_Information shown_
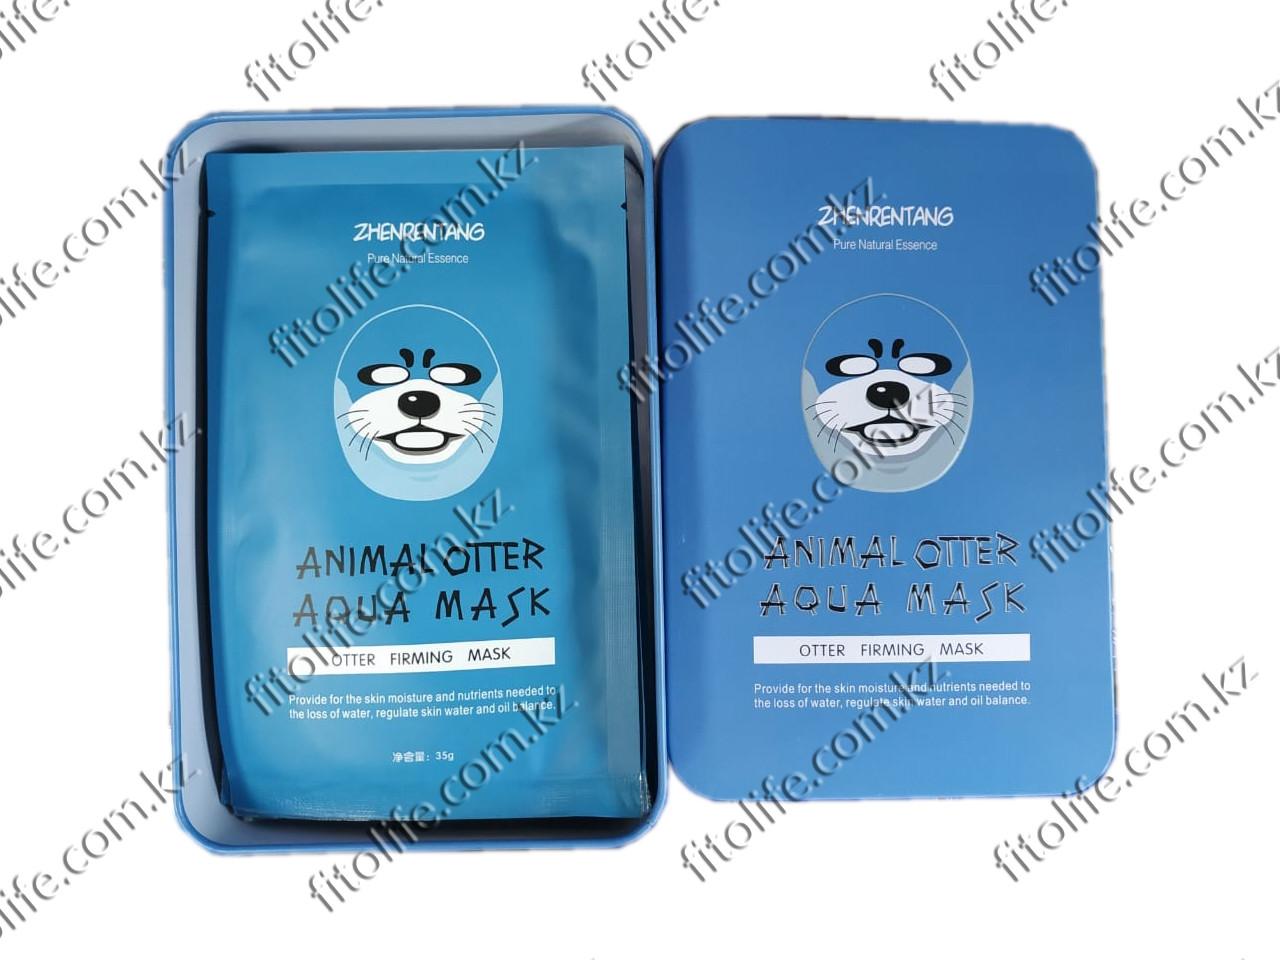 Animal Otter Aqua Mask. Увлажняющая аква маска
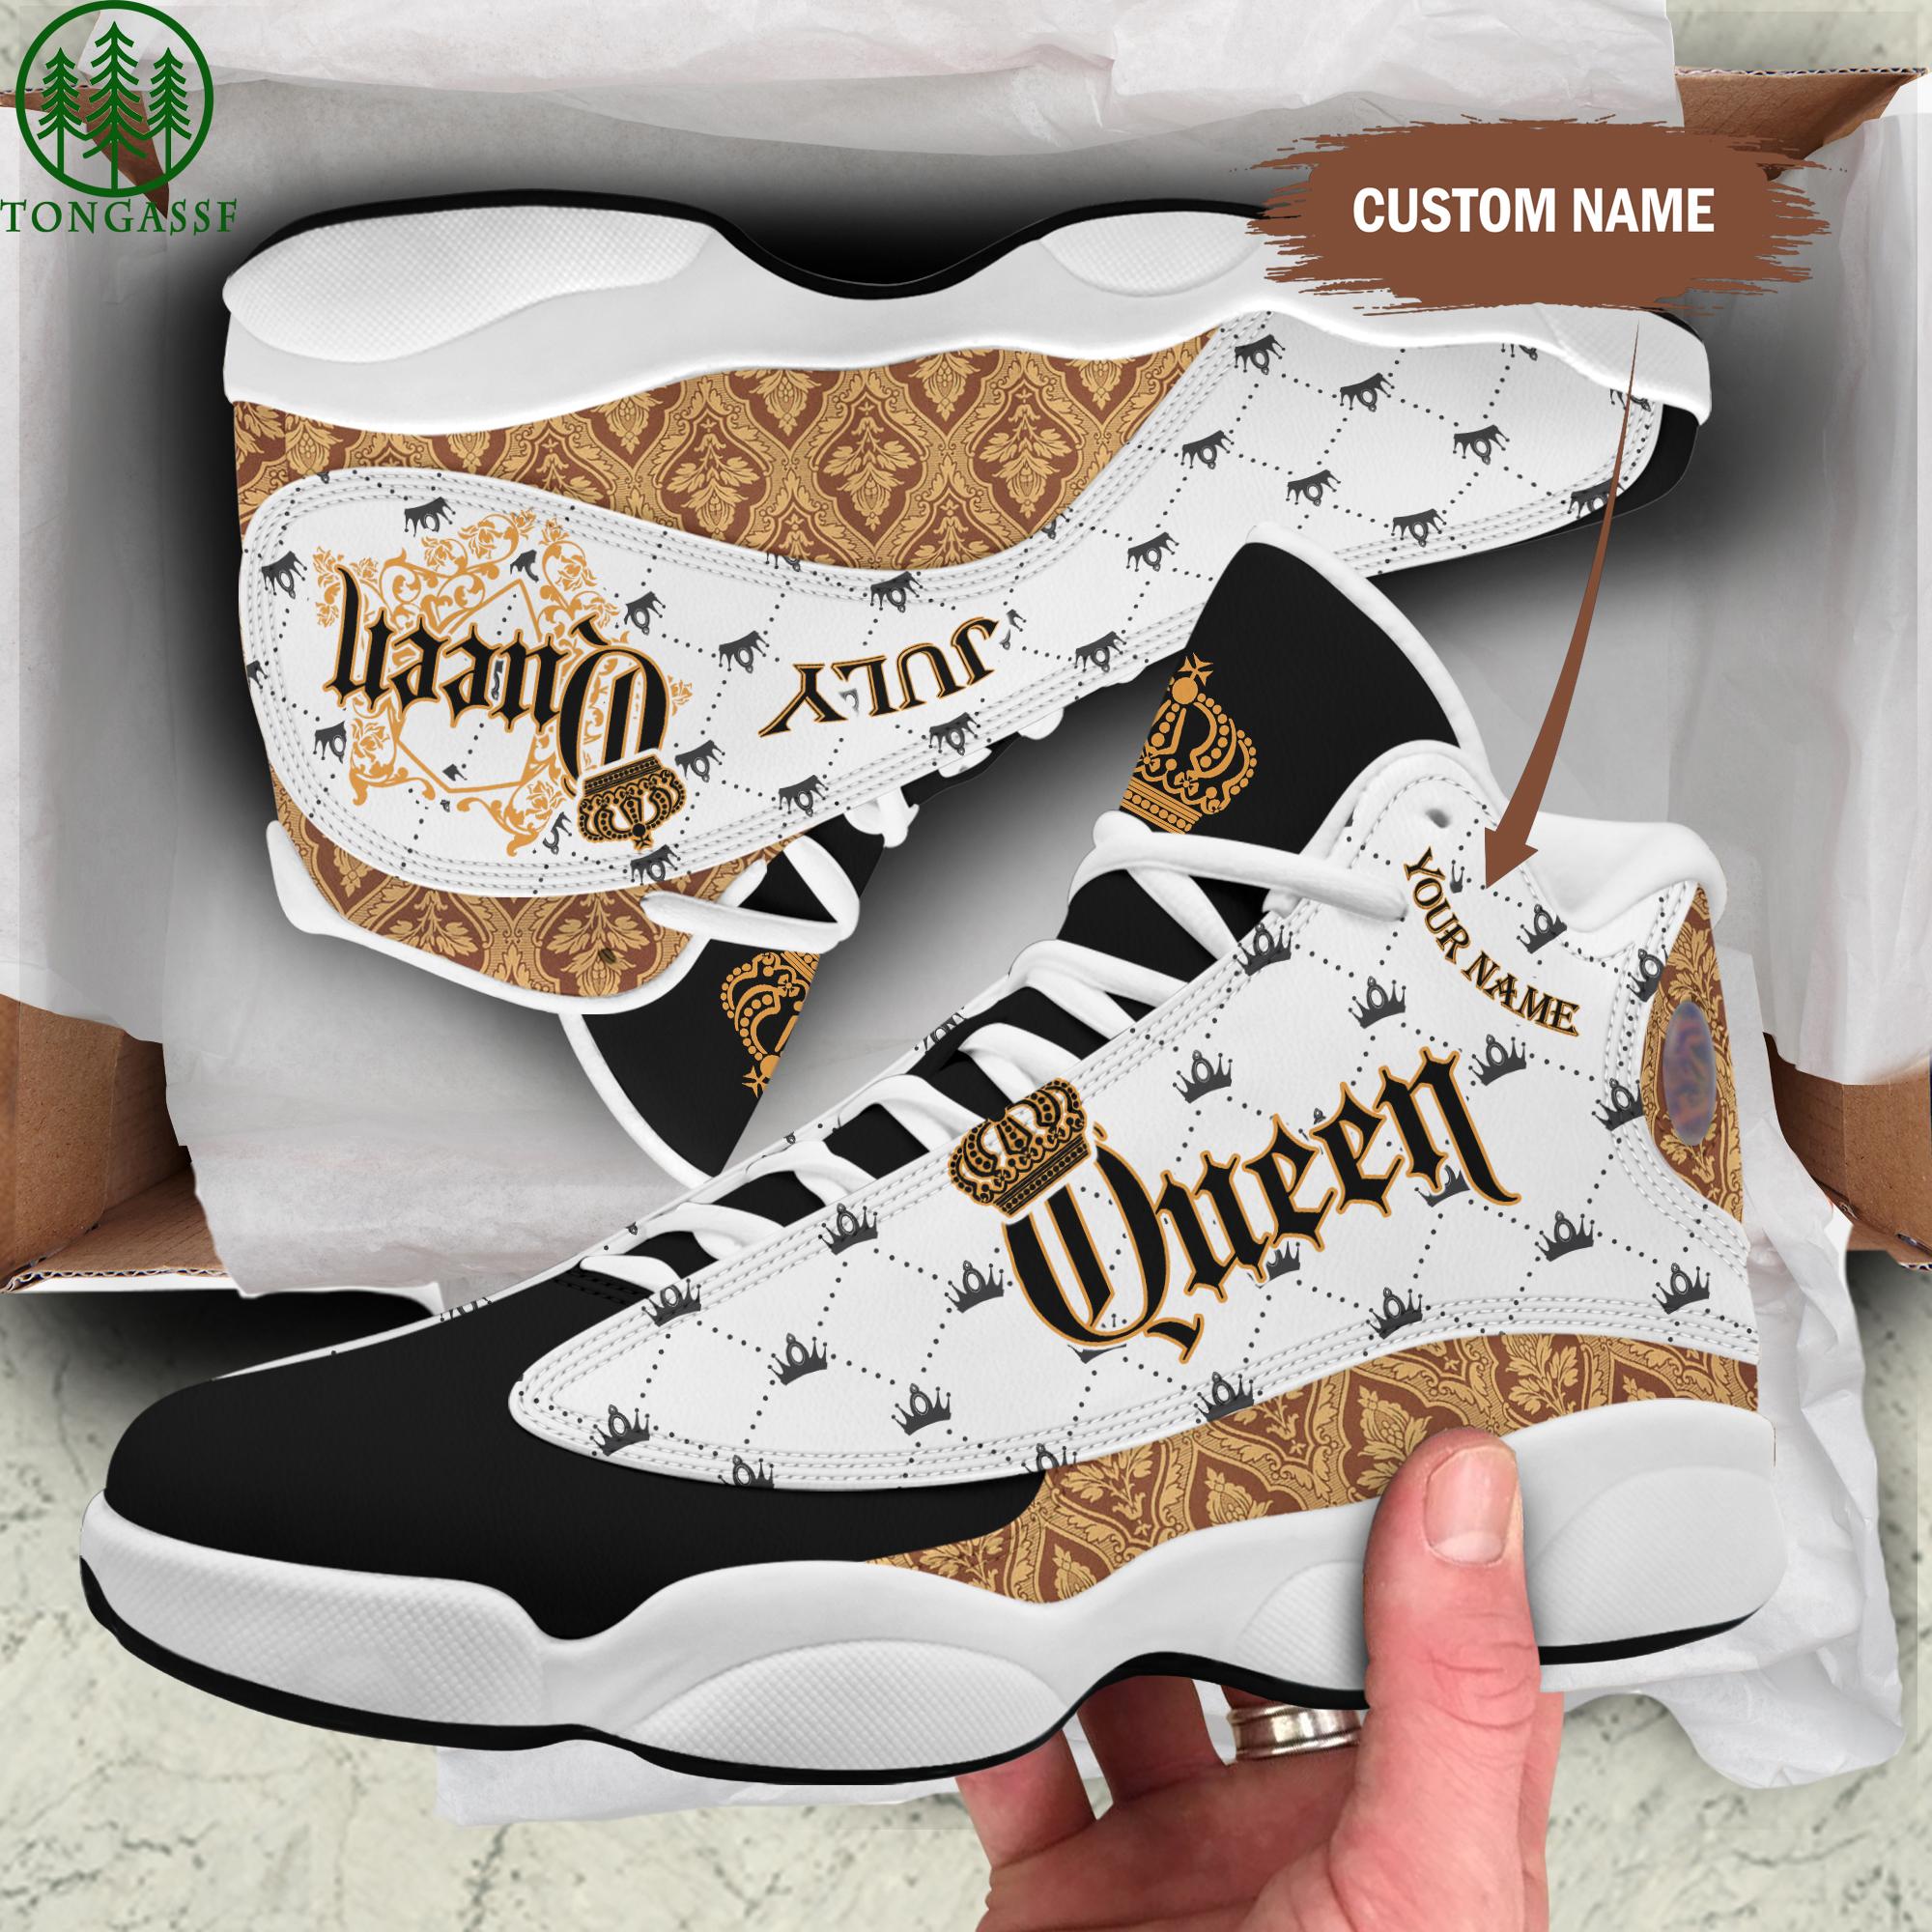 Custom July Queen Jordan 13 Shoes 33
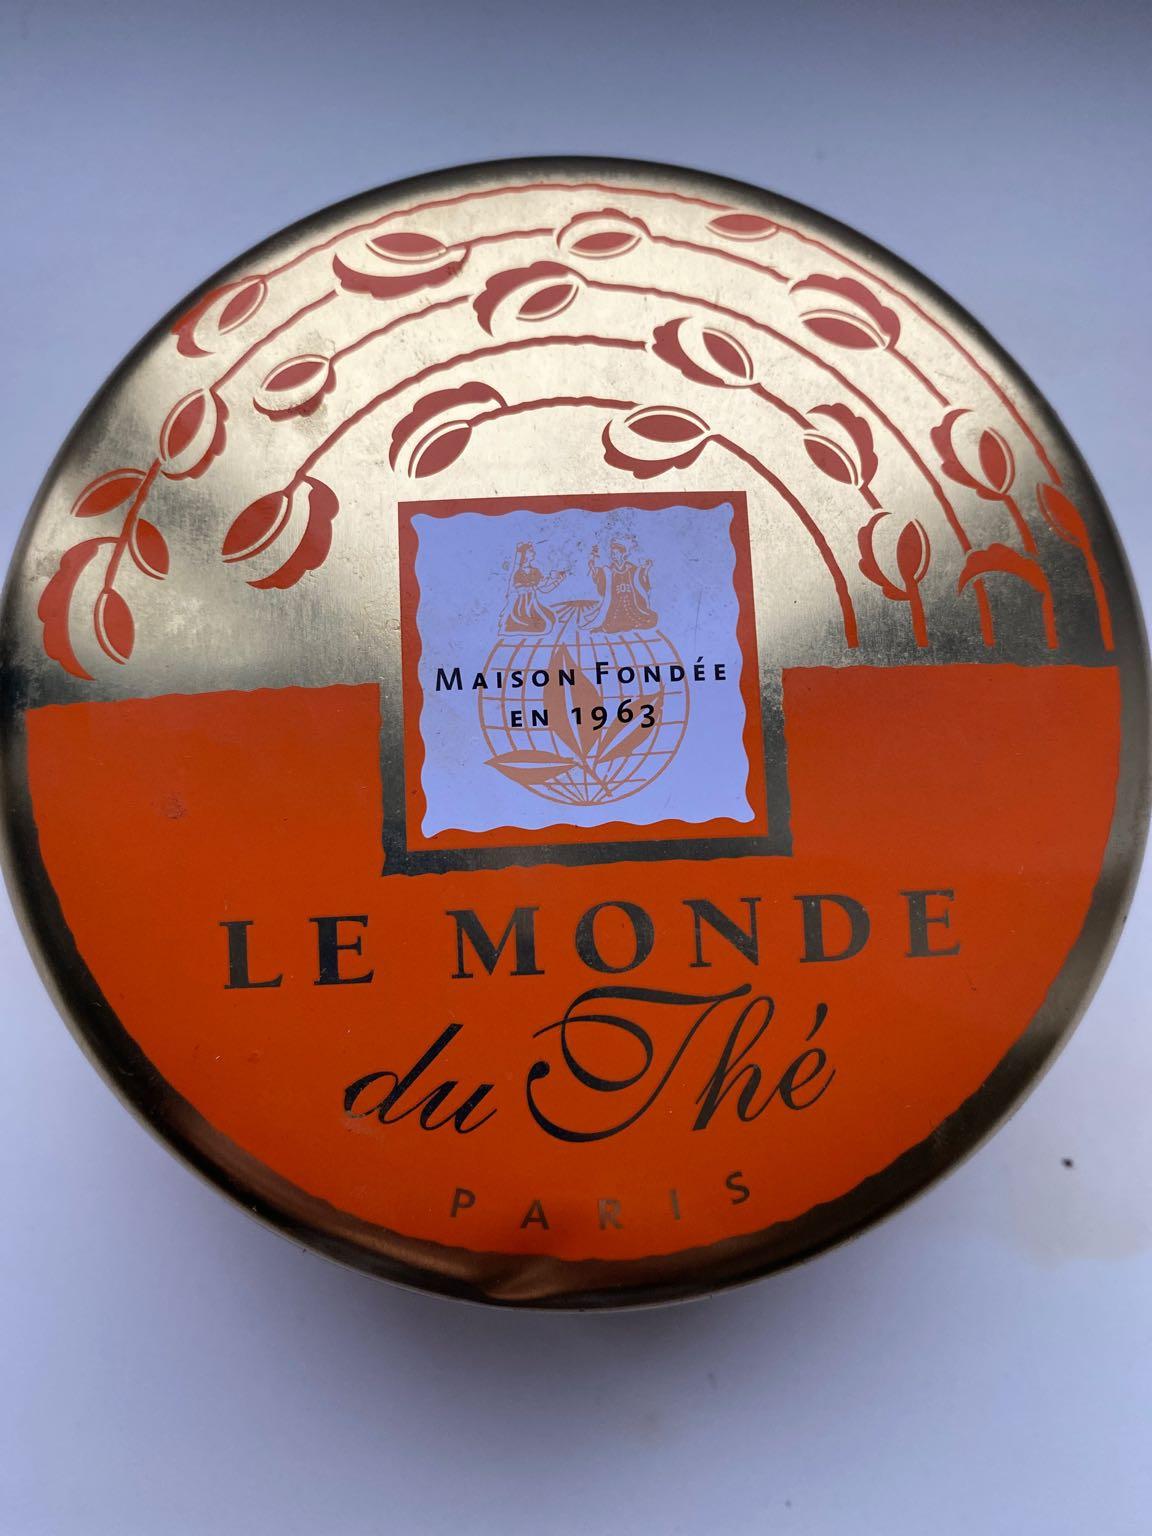 Le Monde du The Paris
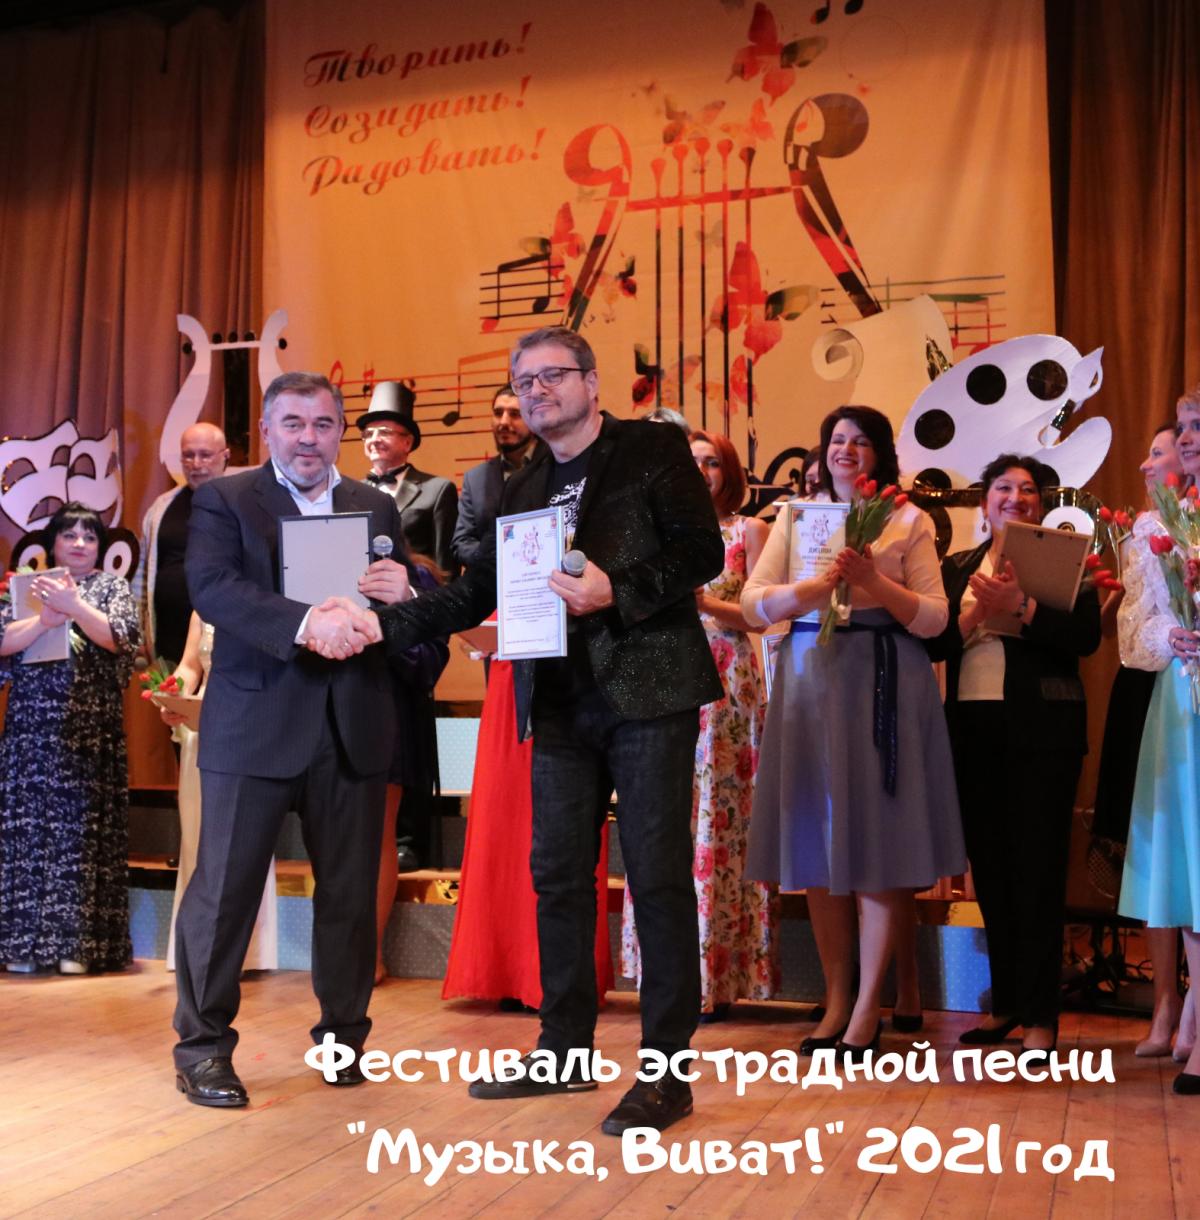 Фестиваль эстрадной песни _Музыка, Виват!_ 2021 год (4)

_Aim of the exercise_
The job is to return the listing above exactly, minus its pictures.

_Output for this exercise_
 Animal Otter Aqua Mask. Увлажняющая аква маска
 Custom July Queen Jordan 13 Shoes 33
 Le Monde du The Paris
 Фестиваль эстрадной песни _Музыка, Виват!_ 2021 год (4)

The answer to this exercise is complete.